For us, this award affirms that the principles guiding our work locally with Indigenous youth and families carry universal importance: that healing happens in connection, that behavior must be understood within context, and that sustainable change comes from strengthening families and communities rather than separating them.


This recognition also reinforces our commitment to sharing knowledge, collaborating across borders, and continuing to advocate for care models that prioritize dignity, identity, and long-term wellbeing. It reminds us that the work of keeping children connected to family, culture, and community is not only a local responsibility, but part of a global movement toward more humane, effective systems of care.

Mental Health Monthly: Community Improvement Award

Indigenous Youth Services has been recognized with the Community Improvement Award for its transformative contributions to youth mental health, family preservation, and culturally grounded care.

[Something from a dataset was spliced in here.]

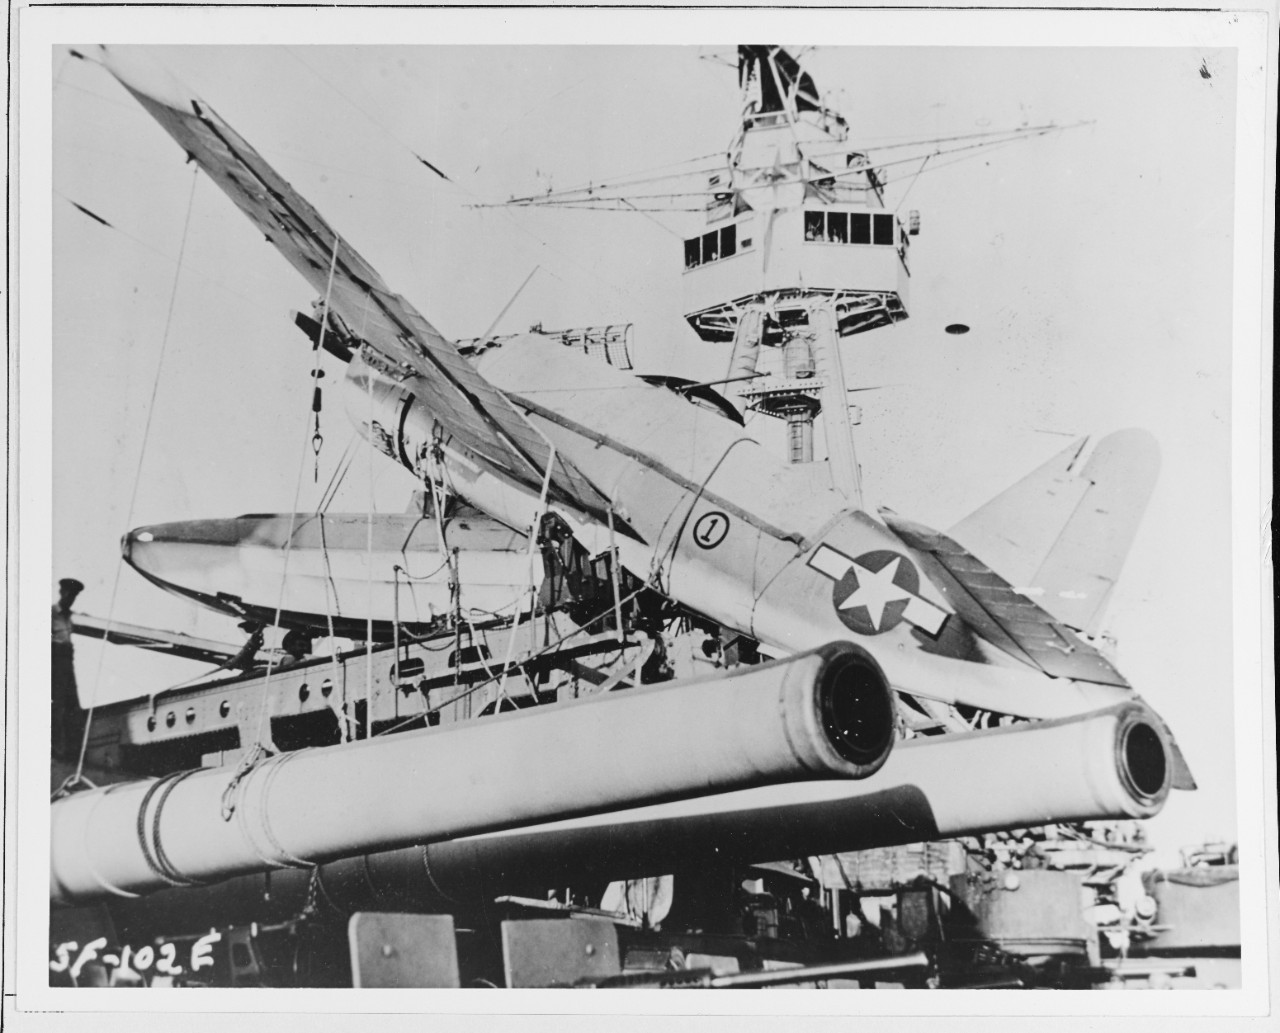 Damage aboard USS NEW YORK, 14 April 1945.

This recognition honors organizations that move beyond traditional service delivery to create meaningful, measurable change within complex systems. For Indigenous Youth Services, it reflects our commitment to prevention over placement, understanding over containment, and relationship-centered care over institutional control.


The award acknowledges our work strengthening families, reducing unnecessary separations, and building community-based alternatives that support youth within their homes and cultural environments. It also affirms the impact of our collaborative approach, one that partners with caregivers, communities, and cultural supports to address root causes rather than symptoms.


We carry this recognition as both validation and responsibility. It reinforces our dedication to advancing care models that prioritize connection, dignity, and long-term wellbeing, and to continuing the work of reshaping systems so Indigenous youth can heal, grow, and thrive within their families and communities.

Accountability, Healing, and System Reform

These recognitions affirm the urgency and necessity of confronting the systemic failures that continue to disproportionately impact Indigenous children, families, and communities. They reflect acknowledgment of work that challenges policies and practices rooted in separation, containment, and control, and instead advances approaches grounded in healing, dignity, and self-determination.


At Indigenous Youth Services, our responsibility extends beyond service delivery. Our mission is to address the intergenerational impacts of displacement and trauma by restoring connection to culture, strengthening family systems, and ensuring care reaches families where they are, without requiring separation or institutionalization. Recognition of our work reinforces the importance of culturally grounded, family-centered supports that honor Indigenous knowledge, identity, and resilience.


As we move forward, these acknowledgments serve as a commitment rather than a conclusion. We remain focused on dismantling structural barriers, supporting reunification and cultural reconnection, and advocating for care models that heal rather than harm. Our work continues in partnership with communities, guided by accountability, cultural respect, and a shared responsibility to create lasting change for Indigenous youth and families.